Кроме того, я филолог, для меня литовская идентичность драгоценна ещё тем, что здесь живьём сохраняется один из древнейших индоевропейских языков. Так что субъективно мне бы не хотелось, чтобы здесь возник плавильный котел а-ля Нью-Йорк или Берлин и поставил его под угрозу.
- Но в этом случае, если мигранты уже есть, и надо постараться сделать так, чтобы не размыть культуру, то, получается, надо лучше учить мигрантов литовскому языку, создавать больше для этого возможностей. Считаете ли Вы, что государство делает достаточно в этом плане?
— Мне кажется, здесь есть куда расти. И я даже не о курсах литовского языка говорю. Здесь не делается никаких шагов, которые бы не оставляли русскоязычным возможности сказать «а я не знал». Часто принимающая сторона ставит нам, мигрантам из России, диагноз: «Они всё равно не поймут, поэтому не рассказывай им». Это, пожалуй, самый болезненный стереотип, который ставит крест на добросовестной попытке понять. Да, в вильнюсском ресторане всегда можно найти меню на русском языке. Но вот материал о Дне защитников свободы висагинская газета, выходящая параллельно на двух языках, публикует только по-литовски. А в музее, посвящённом подавлению восстания 1863 года пояснения сделаны на языках всех вовлечённых сторон, кроме русского. Но разве эти сведения не важнее состава десерта? Моё знание литовского ещё не скоро станет таким, чтобы погрузиться в материал сложнее, чем нужды повседневной жизни, и я ещё долго буду в этом вопросе зависеть от великодушия окружающих меня людей. И, получается, не слишком ли легко нам, русскоязычным, «ничего не знать»?
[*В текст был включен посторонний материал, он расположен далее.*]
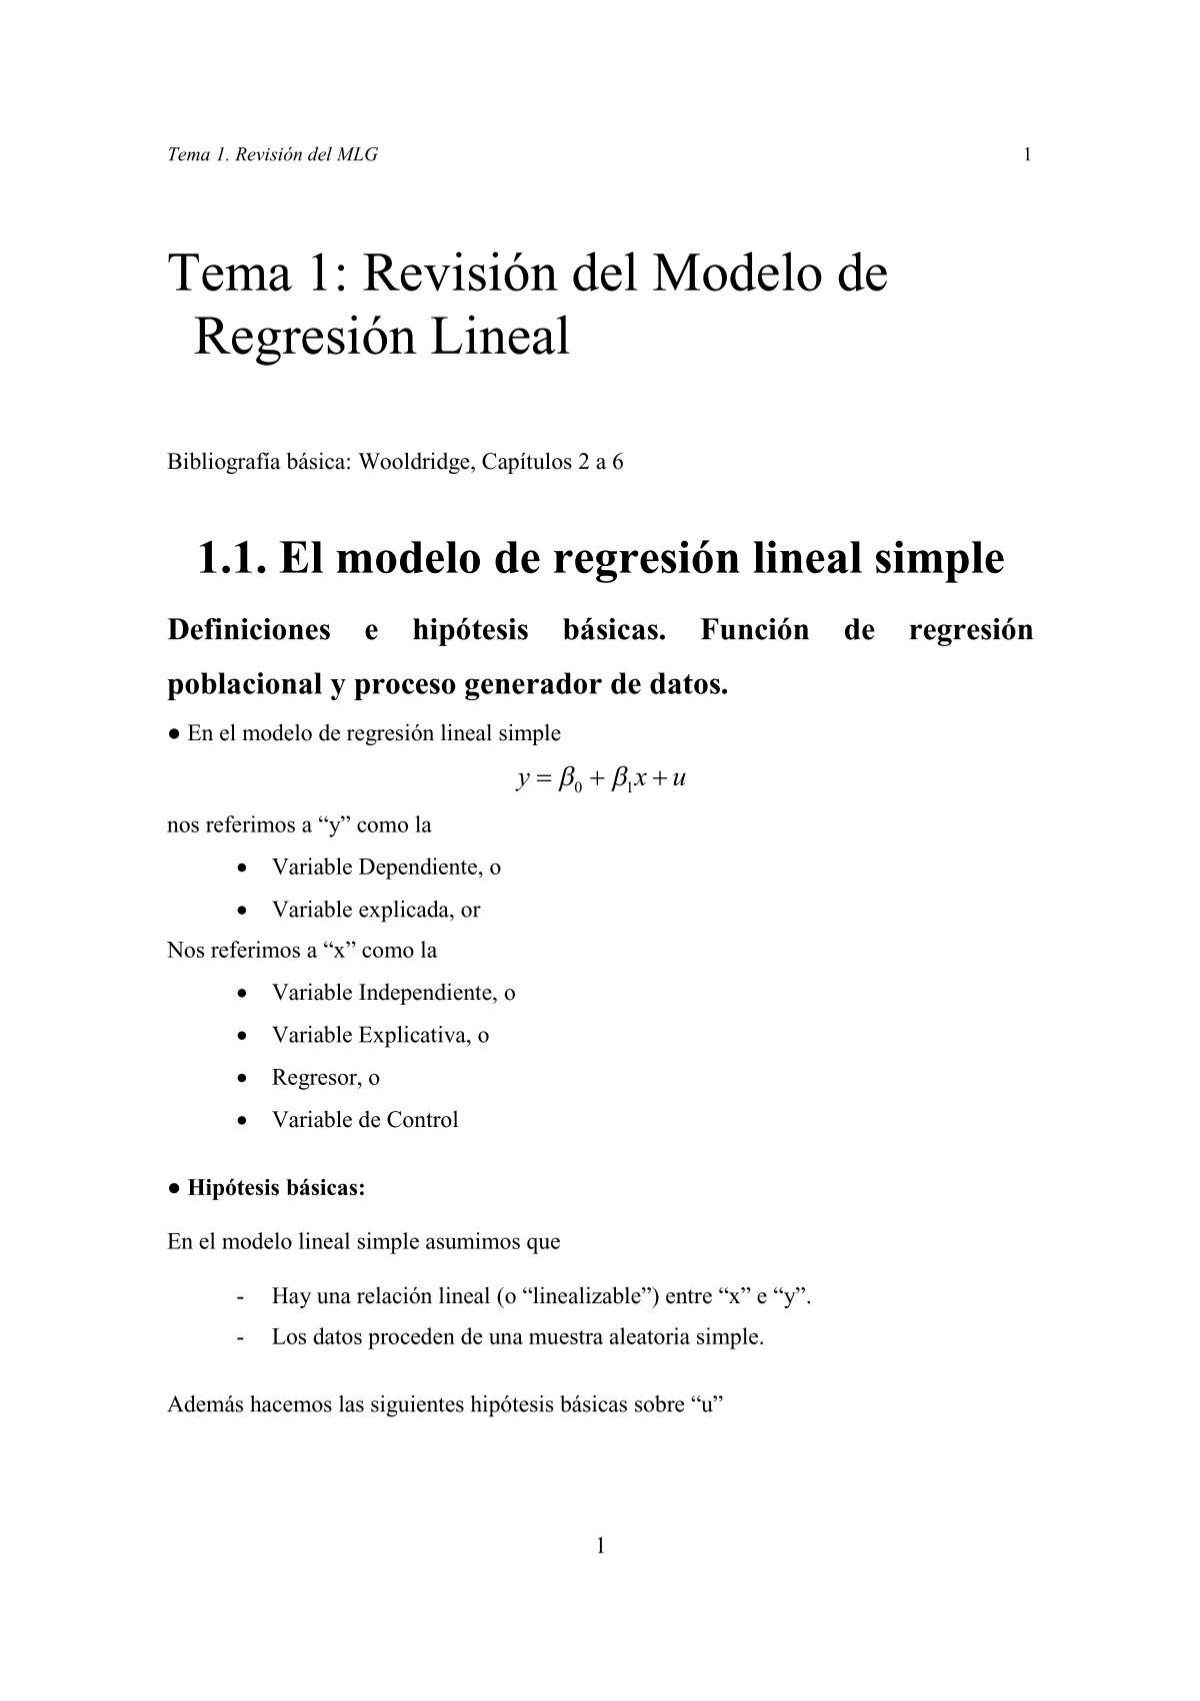 Tema 1: Revisión del Modelo de Regresión Lineal

Я гуманитарий, не самый невежественный на свете человек, но глубина моей неосведомлённости об огромном куске ближайшей истории меня поражает. Я ничего не знала, когда сюда приехала. Мы приезжаем сюда с другой планеты. Здесь мы открываем историю XIX и XX века абсолютно заново. И мне кажется это даже важнее, чем обучение языку. Конечно, понимание новой страны — задача мигранта. Но дело тут не в том, кому делать первый шаг, а в уверенности принимающей страны, что внутренняя правда о Литве никому не интересна, кроме самих литовцев.